#### Try it
Omitting the pictures, print every line below exactly as it stands.

━━━━━ Data section ━━━━━

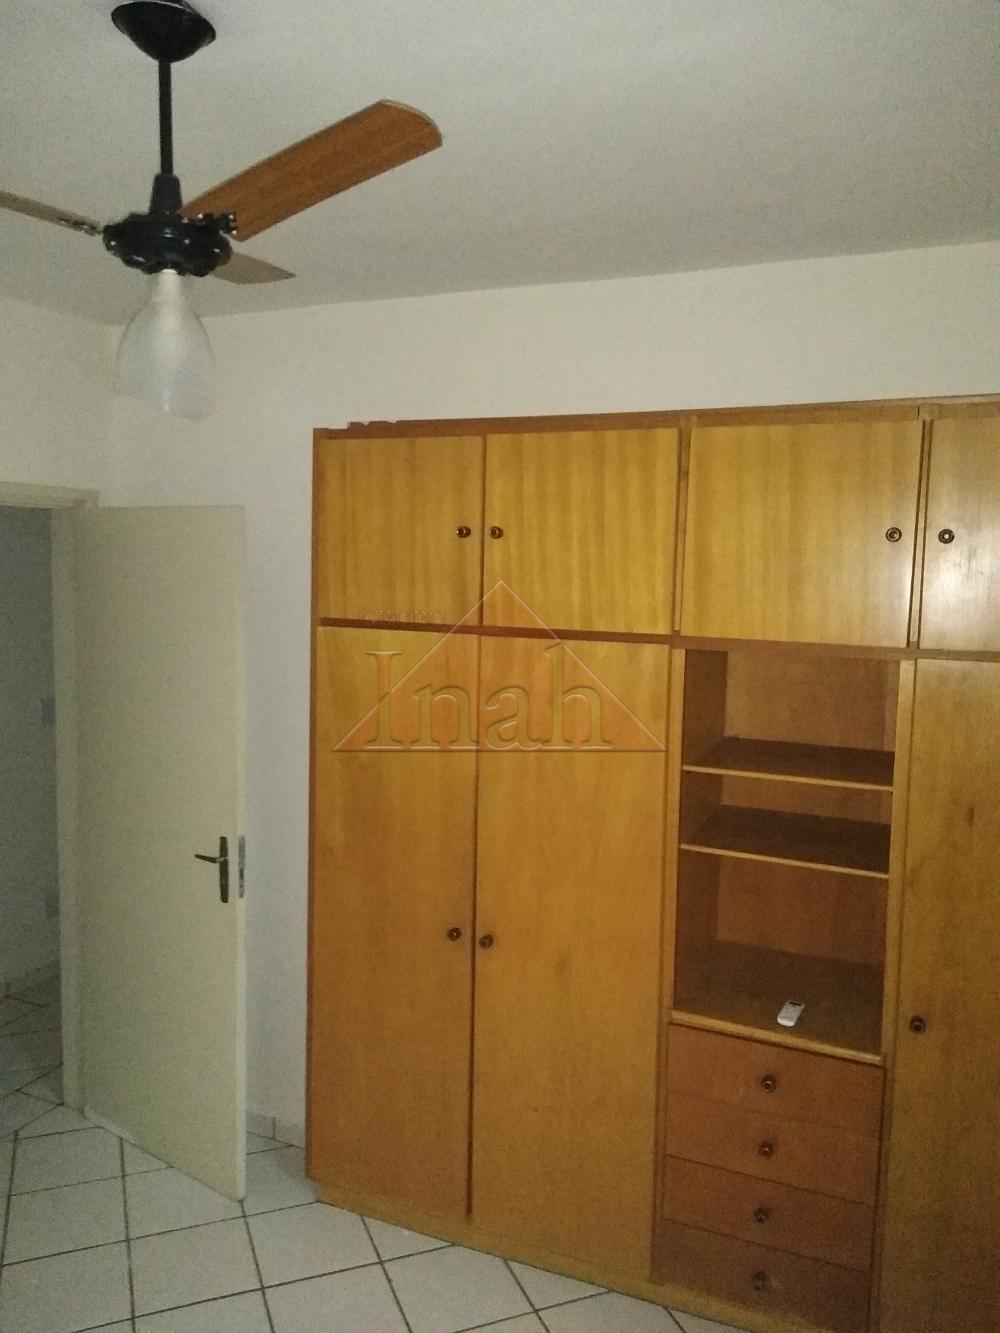 Alugar Casas / condomínio fechado em Ribeirão Preto R$ 1.000,00 - Foto 7
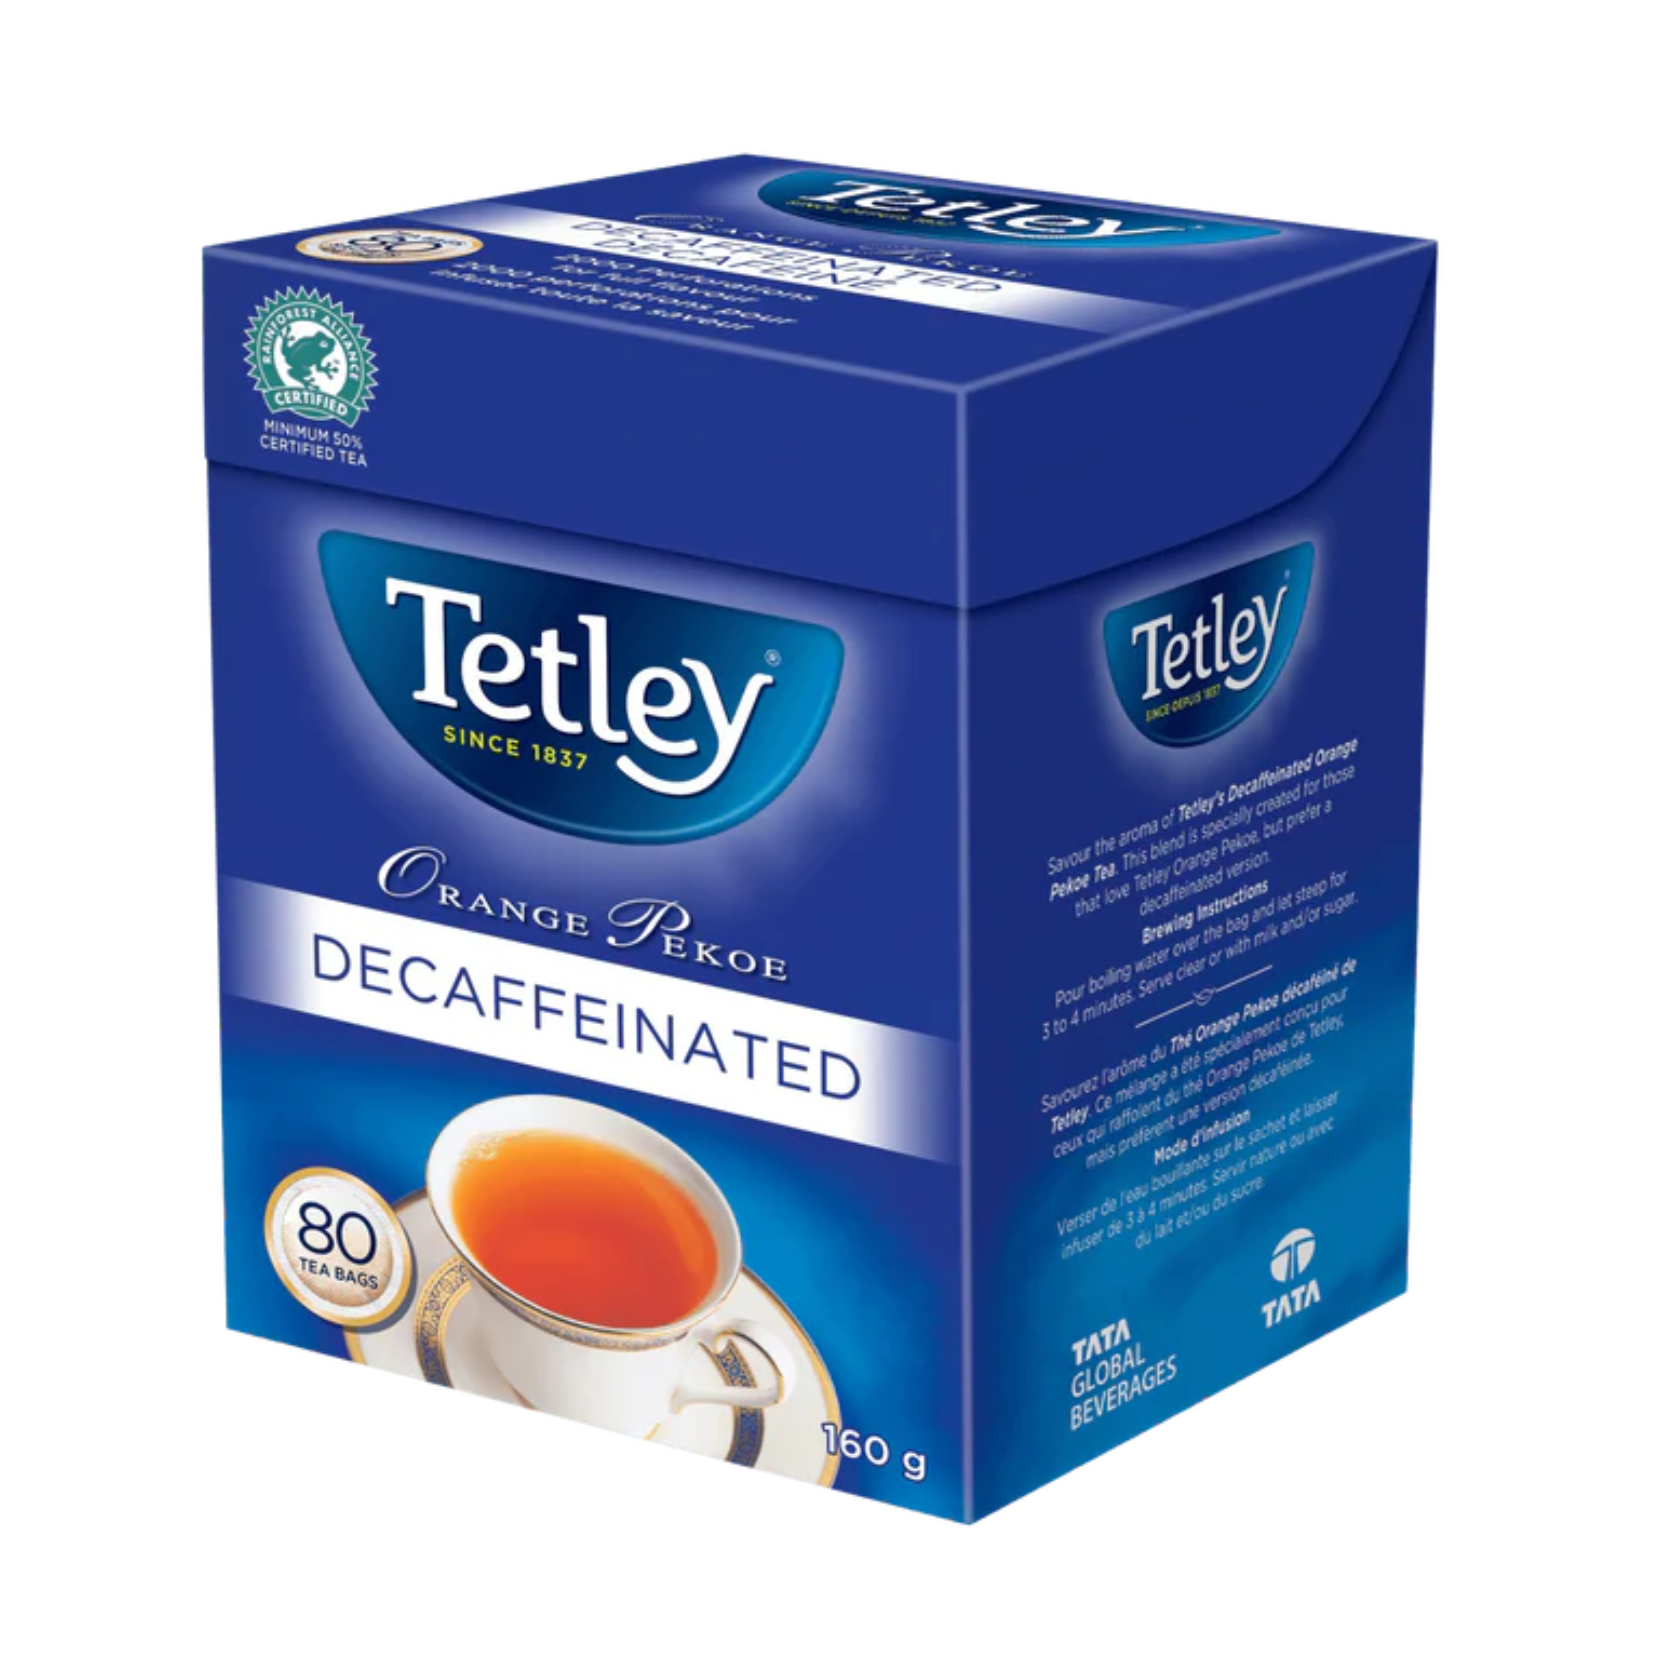 Tetley Orange Pekoe Decaffeinated Tea 80ct
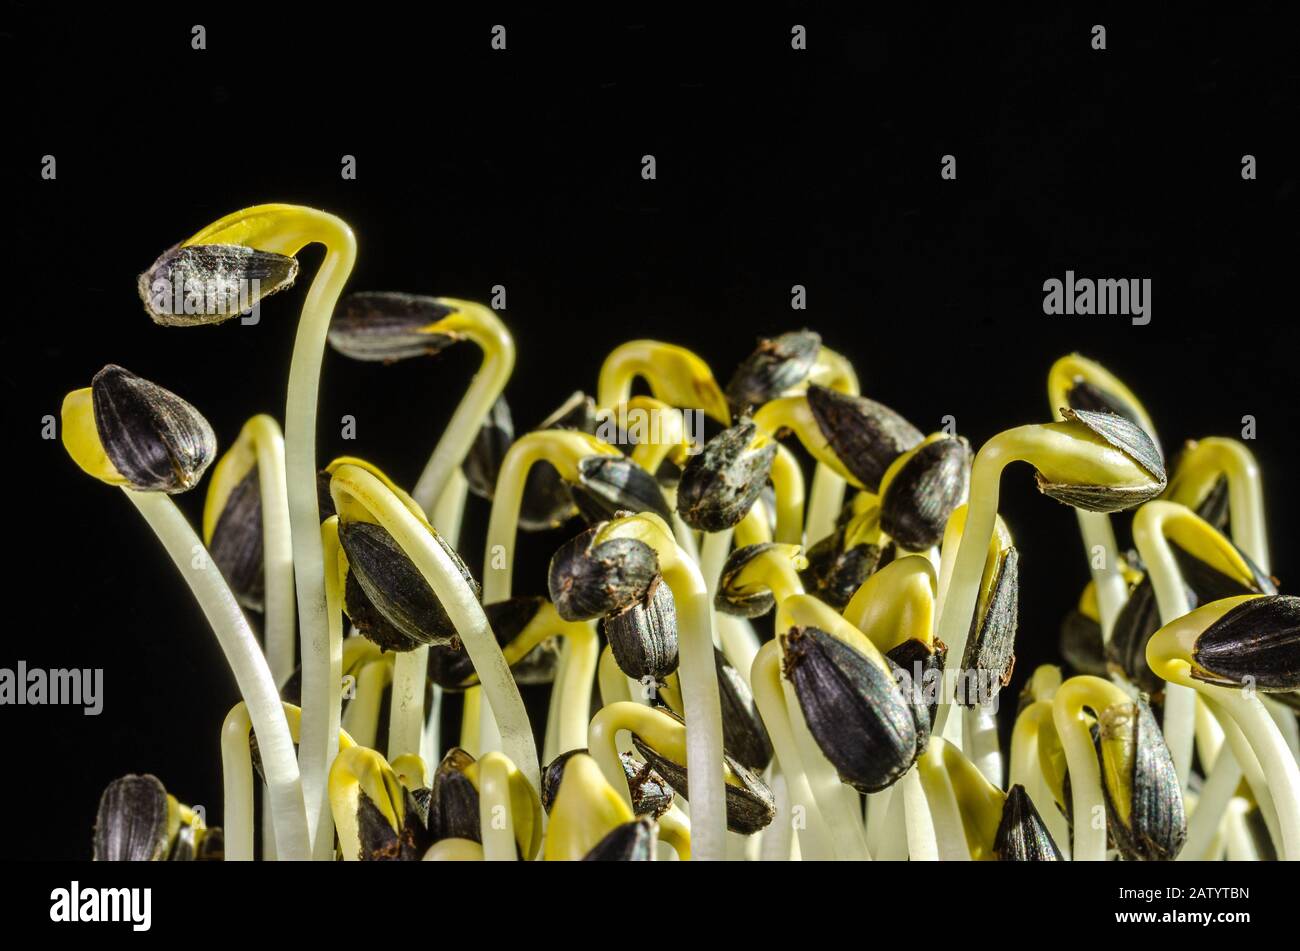 Sonnenblumensprosse im Sonnenlicht auf schwarzem Grund. Sprosse und Mikrogrün von Helianthus annuus, der gemeinsamen Sonnenblume. Essbare Sämlinge. Stockfoto

━━━━━

#### Task answer
 Alugar Casas / condomínio fechado em Ribeirão Preto R$ 1.000,00 - Foto 7
 Tetley Orange Pekoe Decaffeinated Tea 80ct
 Sonnenblumensprosse im Sonnenlicht auf schwarzem Grund. Sprosse und Mikrogrün von Helianthus annuus, der gemeinsamen Sonnenblume. Essbare Sämlinge. Stockfoto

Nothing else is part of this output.